The app was running on a Windows Server 2003 system when it crashed. I believe I have pointed WinDbg at the PDB file for the DLL and EXE correctly.
FAULTING_IP:
ntdll!DbgBreakPoint+0
7c81a3e1 cc int 3
EXCEPTION_RECORD: ffffffff -- (.exr 0xffffffffffffffff)
ExceptionAddress: 7c81a3e1 (ntdll!DbgBreakPoint)
ExceptionCode: 80000003 (Break instruction exception)
ExceptionFlags: 00000000
NumberParameters: 3
Parameter[0]: 00000000
Parameter[1]: 8779fdb0
Parameter[2]: 00000003
DEFAULT_BUCKET_ID: STATUS_BREAKPOINT
PROCESS_NAME: CallPlusServerLauncher.exe
ERROR_CODE: (NTSTATUS) 0x80000003 - {EXCEPTION} Breakpoint A breakpoint has been reached.
EXCEPTION_CODE: (HRESULT) 0x80000003 (2147483651) - One or more arguments are invalid
EXCEPTION_PARAMETER1: 00000000
EXCEPTION_PARAMETER2: 8779fdb0
EXCEPTION_PARAMETER3: 00000003
NTGLOBALFLAG: 0
APPLICATION_VERIFIER_FLAGS: 0
ADDITIONAL_DEBUG_TEXT: Followup set based on attribute [Is_ChosenCrashFollowupThread] from Frame:[0] on thread:[ffffffff]
FAULTING_THREAD: ffffffff
PRIMARY_PROBLEM_CLASS: STATUS_BREAKPOINT
BUGCHECK_STR: APPLICATION_FAULT_STATUS_BREAKPOINT
STACK_TEXT:
1bd0ffc8 7c83fe08 00000005 00000004 00000001 ntdll!DbgBreakPoint
1bd0fff4 00000000 00000000 00000000 00000000 ntdll!DbgUiRemoteBreakin+0x36
FOLLOWUP_IP:
ntdll!DbgBreakPoint+0
7c81a3e1 cc int 3
SYMBOL_STACK_INDEX: 0
SYMBOL_NAME: ntdll!DbgBreakPoint+0
FOLLOWUP_NAME: MachineOwner
MODULE_NAME: ntdll
IMAGE_NAME: ntdll.dll
DEBUG_FLR_IMAGE_TIMESTAMP: 49900d60
STACK_COMMAND: ddS 1bd10000 1bd0c000 ; dt ntdll!LdrpLastDllInitializer BaseDllName ; dt ntdll!LdrpFailureData ; ~439s; .ecxr ; kb
BUCKET_ID: MANUAL_BREAKIN
FAILURE_BUCKET_ID: STATUS_BREAKPOINT_80000003_ntdll.dll!DbgBreakPoint
WATSON_STAGEONE_URL: http://watson.microsoft.com/StageOne/CallPlusServerLauncher_exe/0_0_0_0/4df87414/ntdll_dll/5_2_3790_4455/49900d60/80000003/0001a3e1.htm?Retriage=1
Followup: MachineOwner
DbgBreakPoint -- Looks to me like you broke execution using a remote debugger.
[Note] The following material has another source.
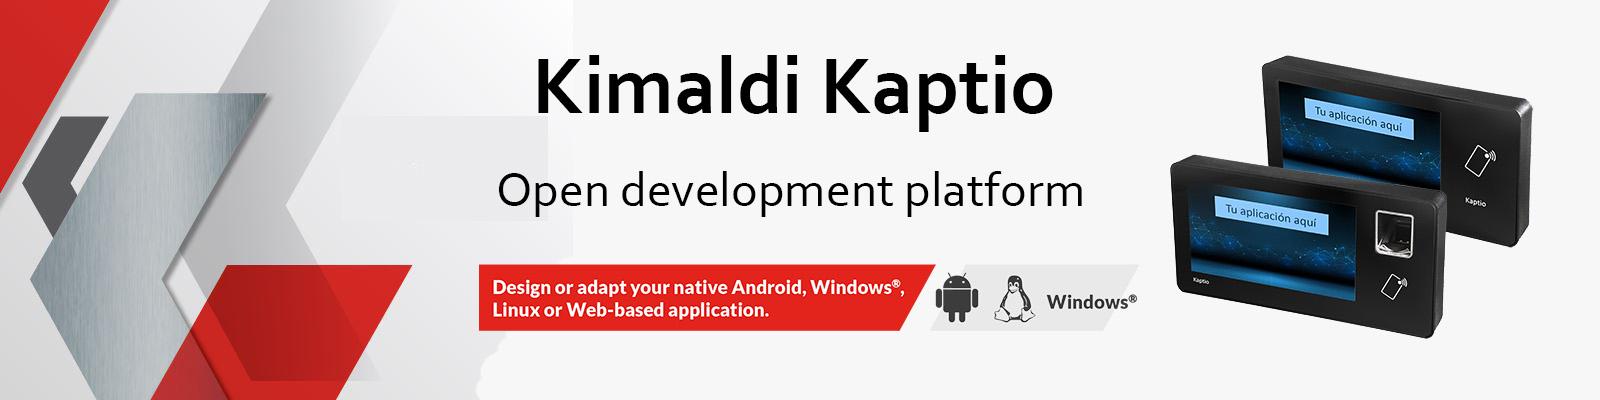 Kimaldi Kaptio - Open development platform

If you didn't then I have seen DbgBreakPoint show up when you have code pages (Edit: I meant page heap) turned on (you should know if you did this) and there was a detection of invalid memory access.
Asserts can also trigger a breakpoint exception. For example I have (too often) seen them come out of the heap checking around a delete when the heap has got corrupted by double-delete or overflow. But only with the debug runtime I thought, is that what you have deployed?